The monitoring device is used for:Obtain in scheduled duration being saved by other for each node in distributed cluster system Point is judged as the number of heartbeat detection time-out;The highest node of the number is selected from each node;Acquisition is selected The node network connection state;When the network connection state for the node selected is unimpeded, generation judges knot Fruit is:The node selected is seemingly-dead node;When the network connection state for the node selected is disconnects, generation Judging result is:The node selected is really to die for the sake of honour a little.
Solves existing skill in the embodiment of the present invention it can be seen from the technical solution provided by embodiments of the invention described above The problem of working condition of egress can not accurately, be quickly judged in art.
The additional aspect of the present invention and advantage will be set forth in part in the description, these will become from the following description It obtains substantially or is recognized by the practice of the present invention.
Description of the drawings
In order to illustrate the technical solution of the embodiments of the present invention more clearly, required use in being described below to embodiment Attached drawing be briefly described, it should be apparent that, the accompanying drawings in the following description is only some embodiments of the present invention, for this For the those of ordinary skill of field, without having to pay creative labor, other are can also be obtained according to these attached drawings Attached drawing.

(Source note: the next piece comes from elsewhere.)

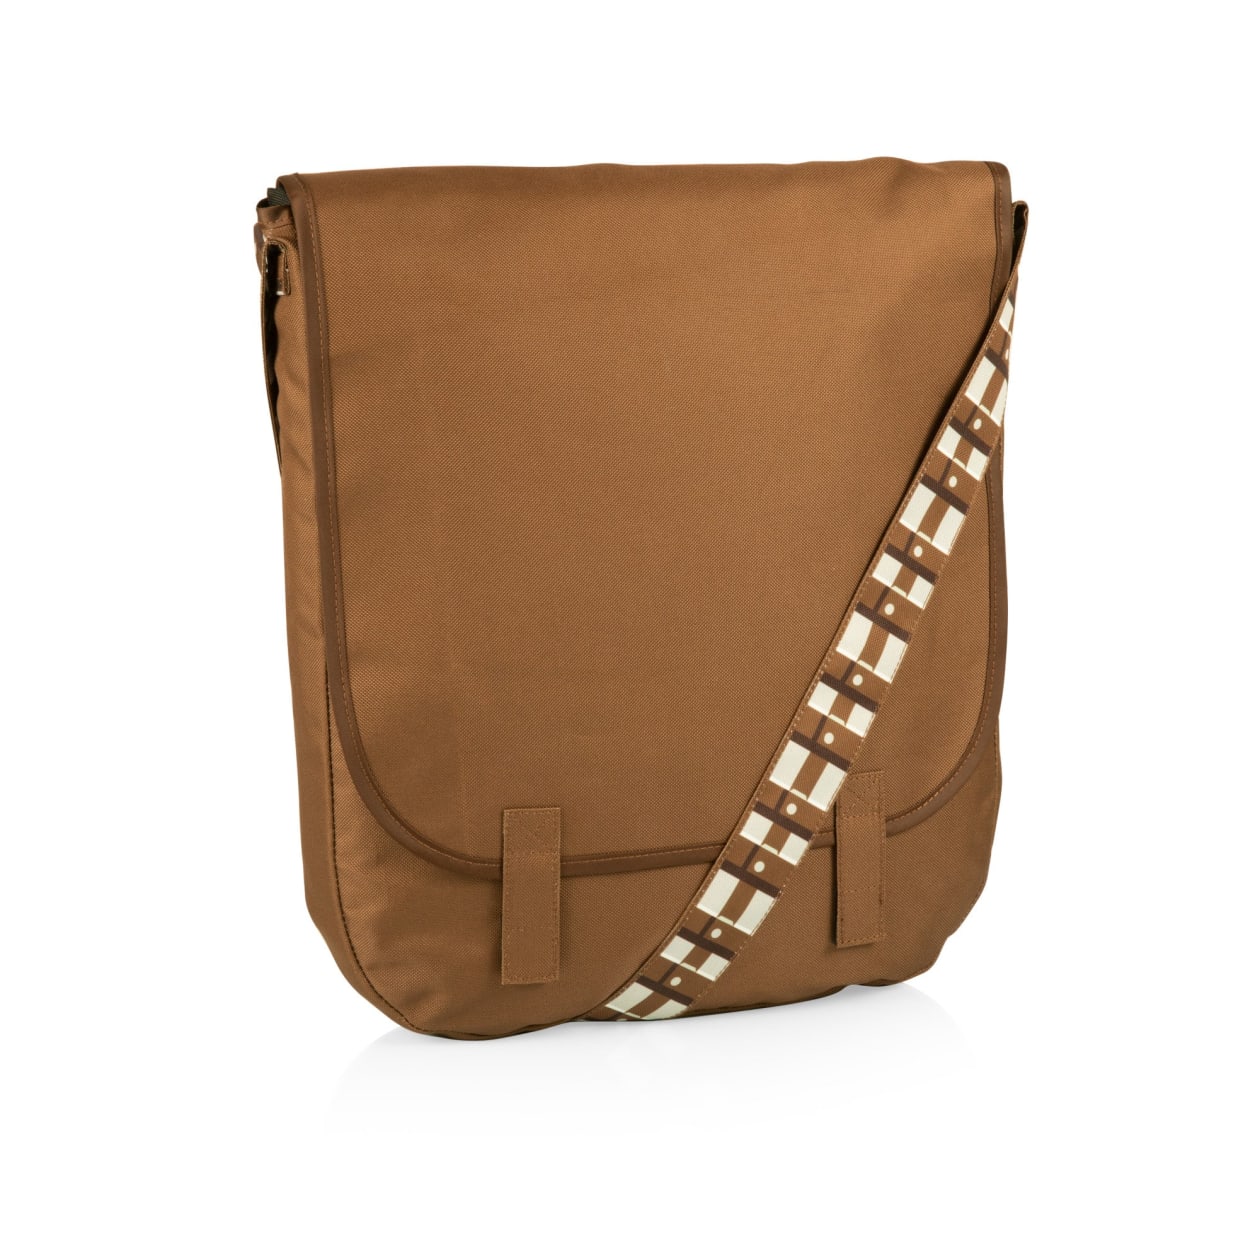 Star Wars Millennium Falcon - Blanket in a Bag - Color: Brown with Millennium Falcon Design

Fig. 1 is a kind of processing stream of the monitoring method of the working condition of distributed cluster system interior joint provided by the invention Cheng Tu;
Fig. 2 shows for a kind of connection of the monitoring device of the working condition of distributed cluster system interior joint provided by the invention It is intended to;
Fig. 3 is a kind of monitoring system of the working condition of distributed cluster system interior joint provided in an embodiment of the present invention Connection diagram.
Specific embodiment
Embodiments of the present invention are described below in detail, the example of the embodiment is shown in the drawings, wherein from beginning Same or similar element is represented to same or similar label eventually or there is same or like element.Below by ginseng The embodiment for examining attached drawing description is exemplary, and is only used for explaining the present invention, and is not construed as limiting the claims.
As shown in Figure 1, be a kind of monitoring method of the working condition of distributed cluster system interior joint of the present invention, Including:
Step 11, obtain in scheduled duration each node in distributed cluster system is judged as that heartbeat is examined by other nodes Survey the number of time-out;
Step 12, the highest node of the number is selected from each node;
Step 13, the network connection state for the node selected is obtained;The step is specially:Pass through internet detective Device is surveyed to test the network connection state of the node, to obtain the network connection state for the node selected.It for example, can To pass through PING orders.
Step 14, when the network connection state for the node selected is unimpeded, generation judging result is:It selects The node be seemingly-dead node;
Step 15, when the network connection state for the node selected is disconnects, generation judging result is:It selects The node be really to die for the sake of honour a little.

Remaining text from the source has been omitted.